Mary Investor is a retired individual. She has savings of approximately $1 million, half of which is invested in stocks and stock mutual funds. Mary has cash flow needs and is invested in government bonds, municipal bonds, and corporate bonds. She would like to generate some additional cash flow and is considering putting more of her money into bonds or possibly some higher dividend yielding stocks. She asks her financial advisor, who is also her CPA, what she should do. Her advisor makes the following suggestion: She should take $200,000 and invest in the Optima Portfolio strategy. The premium income generated by writing covered calls, which is taxed as Short Term Capital Gains, can be offset by Ms.

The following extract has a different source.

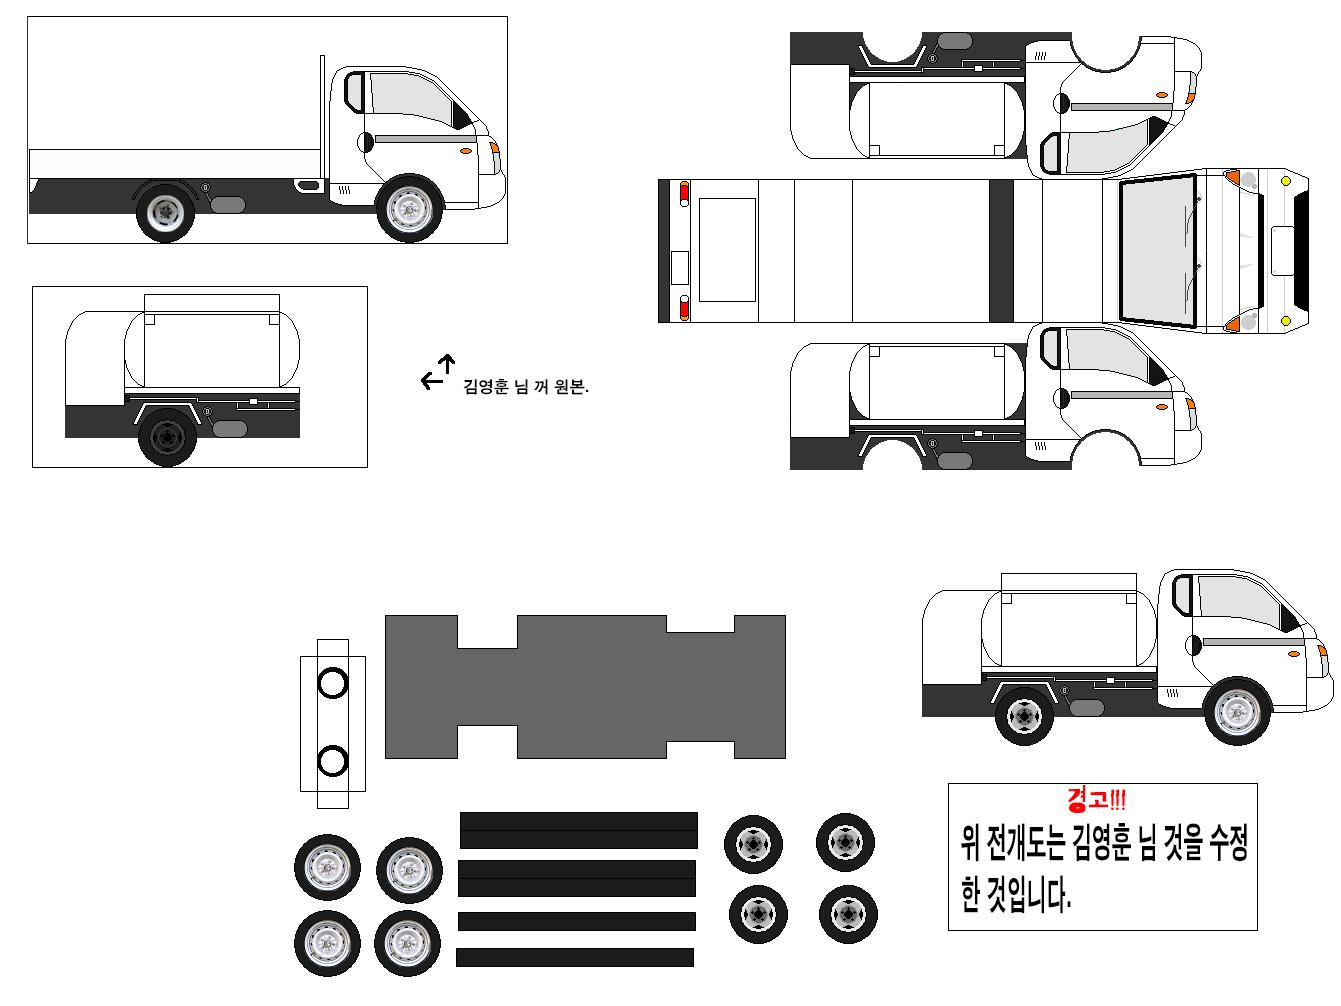 현대 포터2 초장축 슈퍼캐빈 카고트럭 유조차(2004_) 수정...3.jpg

Investor’s capital losses. Until those losses are all used up, Mary can have a stream of income that isn’t taxable.

Concentrated Stock

An investor has been investing in shares of XYZ company since the 1950 and has built up a sizable position. He was receiving a steady stream of dividend income, but recently XYZ cut their dividend to almost nothing! Ken considers liquidating some of his position but he does not want to pay the capital gains tax when he sells shares that he purchased at such a low basis. He always imagined that he would leave the stock to his children anyway and knows that they will receive a step up in basis. Ken’s advisor makes the following suggestion: Ken should take the position and invest in the Optima Overwrite strategy. California Investment Trust will systematically write covered call options against shares of XYZ company in order to generate the income that Ken needs.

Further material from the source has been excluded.